• Work item:
Write out exactly the lines below that run from the one containing "wiring diagram for" through the one containing "Symfony Tips #01", both included, with no other lines.
===============
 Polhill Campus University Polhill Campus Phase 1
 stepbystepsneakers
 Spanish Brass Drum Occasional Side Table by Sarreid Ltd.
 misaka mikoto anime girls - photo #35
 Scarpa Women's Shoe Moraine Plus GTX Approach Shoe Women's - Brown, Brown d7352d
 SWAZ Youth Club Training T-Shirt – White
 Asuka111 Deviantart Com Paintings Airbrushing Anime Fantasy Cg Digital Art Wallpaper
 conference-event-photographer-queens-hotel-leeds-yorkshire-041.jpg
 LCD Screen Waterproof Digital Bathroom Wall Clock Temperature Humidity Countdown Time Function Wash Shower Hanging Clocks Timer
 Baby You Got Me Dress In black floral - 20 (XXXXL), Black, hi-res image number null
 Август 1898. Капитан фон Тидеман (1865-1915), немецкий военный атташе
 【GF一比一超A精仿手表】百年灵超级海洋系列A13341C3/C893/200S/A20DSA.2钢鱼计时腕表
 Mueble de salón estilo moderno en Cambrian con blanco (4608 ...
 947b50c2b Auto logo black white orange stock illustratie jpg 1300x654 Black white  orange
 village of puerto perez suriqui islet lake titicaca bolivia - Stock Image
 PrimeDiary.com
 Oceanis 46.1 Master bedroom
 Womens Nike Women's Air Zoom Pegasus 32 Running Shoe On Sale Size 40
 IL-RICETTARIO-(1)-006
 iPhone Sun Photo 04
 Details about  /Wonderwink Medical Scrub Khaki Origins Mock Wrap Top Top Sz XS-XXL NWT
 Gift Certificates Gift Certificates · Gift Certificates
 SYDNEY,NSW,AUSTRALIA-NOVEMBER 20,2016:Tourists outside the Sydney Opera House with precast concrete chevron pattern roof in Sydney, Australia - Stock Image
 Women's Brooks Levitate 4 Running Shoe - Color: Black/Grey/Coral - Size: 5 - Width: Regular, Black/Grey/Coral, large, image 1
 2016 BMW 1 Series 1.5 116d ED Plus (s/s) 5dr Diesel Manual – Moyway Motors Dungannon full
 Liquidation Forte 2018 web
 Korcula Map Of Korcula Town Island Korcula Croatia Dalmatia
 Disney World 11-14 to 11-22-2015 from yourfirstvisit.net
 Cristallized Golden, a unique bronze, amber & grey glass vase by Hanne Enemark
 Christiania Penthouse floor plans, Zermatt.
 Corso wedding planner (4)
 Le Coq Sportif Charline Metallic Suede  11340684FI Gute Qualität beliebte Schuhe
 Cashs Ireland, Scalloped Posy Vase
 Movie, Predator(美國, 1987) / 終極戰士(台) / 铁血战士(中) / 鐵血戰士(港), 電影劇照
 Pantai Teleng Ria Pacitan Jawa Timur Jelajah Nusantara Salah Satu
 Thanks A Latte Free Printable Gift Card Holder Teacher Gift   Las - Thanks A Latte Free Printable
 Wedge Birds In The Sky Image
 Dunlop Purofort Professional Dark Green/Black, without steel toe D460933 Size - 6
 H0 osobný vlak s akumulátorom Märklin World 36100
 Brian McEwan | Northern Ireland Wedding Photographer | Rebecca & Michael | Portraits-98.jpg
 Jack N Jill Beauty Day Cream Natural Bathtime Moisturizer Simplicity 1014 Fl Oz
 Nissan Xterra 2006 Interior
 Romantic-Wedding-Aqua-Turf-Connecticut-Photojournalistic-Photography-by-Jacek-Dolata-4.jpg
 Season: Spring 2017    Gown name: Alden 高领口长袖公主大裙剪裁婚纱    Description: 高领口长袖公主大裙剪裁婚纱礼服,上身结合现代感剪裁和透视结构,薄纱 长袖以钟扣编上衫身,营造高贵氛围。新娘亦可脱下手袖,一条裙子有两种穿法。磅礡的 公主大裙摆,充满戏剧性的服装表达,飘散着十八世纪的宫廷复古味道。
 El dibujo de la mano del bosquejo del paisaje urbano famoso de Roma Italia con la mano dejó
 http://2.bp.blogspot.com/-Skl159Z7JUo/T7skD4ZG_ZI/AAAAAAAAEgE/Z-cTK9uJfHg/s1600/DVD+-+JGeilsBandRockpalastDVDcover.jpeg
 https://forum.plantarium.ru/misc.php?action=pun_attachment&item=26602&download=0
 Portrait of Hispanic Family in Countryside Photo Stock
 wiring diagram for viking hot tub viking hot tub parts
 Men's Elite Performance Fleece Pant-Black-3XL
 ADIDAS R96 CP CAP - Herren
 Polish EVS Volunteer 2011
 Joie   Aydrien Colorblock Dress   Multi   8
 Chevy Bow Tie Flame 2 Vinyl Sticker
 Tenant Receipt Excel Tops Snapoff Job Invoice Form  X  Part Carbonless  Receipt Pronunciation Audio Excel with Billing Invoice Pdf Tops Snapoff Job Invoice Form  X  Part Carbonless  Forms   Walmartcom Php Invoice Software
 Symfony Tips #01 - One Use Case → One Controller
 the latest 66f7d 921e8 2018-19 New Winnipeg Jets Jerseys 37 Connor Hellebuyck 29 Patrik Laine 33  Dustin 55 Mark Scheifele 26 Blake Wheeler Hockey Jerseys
===============
• Expected answer:
 wiring diagram for viking hot tub viking hot tub parts
 Men's Elite Performance Fleece Pant-Black-3XL
 ADIDAS R96 CP CAP - Herren
 Polish EVS Volunteer 2011
 Joie   Aydrien Colorblock Dress   Multi   8
 Chevy Bow Tie Flame 2 Vinyl Sticker
 Tenant Receipt Excel Tops Snapoff Job Invoice Form  X  Part Carbonless  Receipt Pronunciation Audio Excel with Billing Invoice Pdf Tops Snapoff Job Invoice Form  X  Part Carbonless  Forms   Walmartcom Php Invoice Software
 Symfony Tips #01 - One Use Case → One Controller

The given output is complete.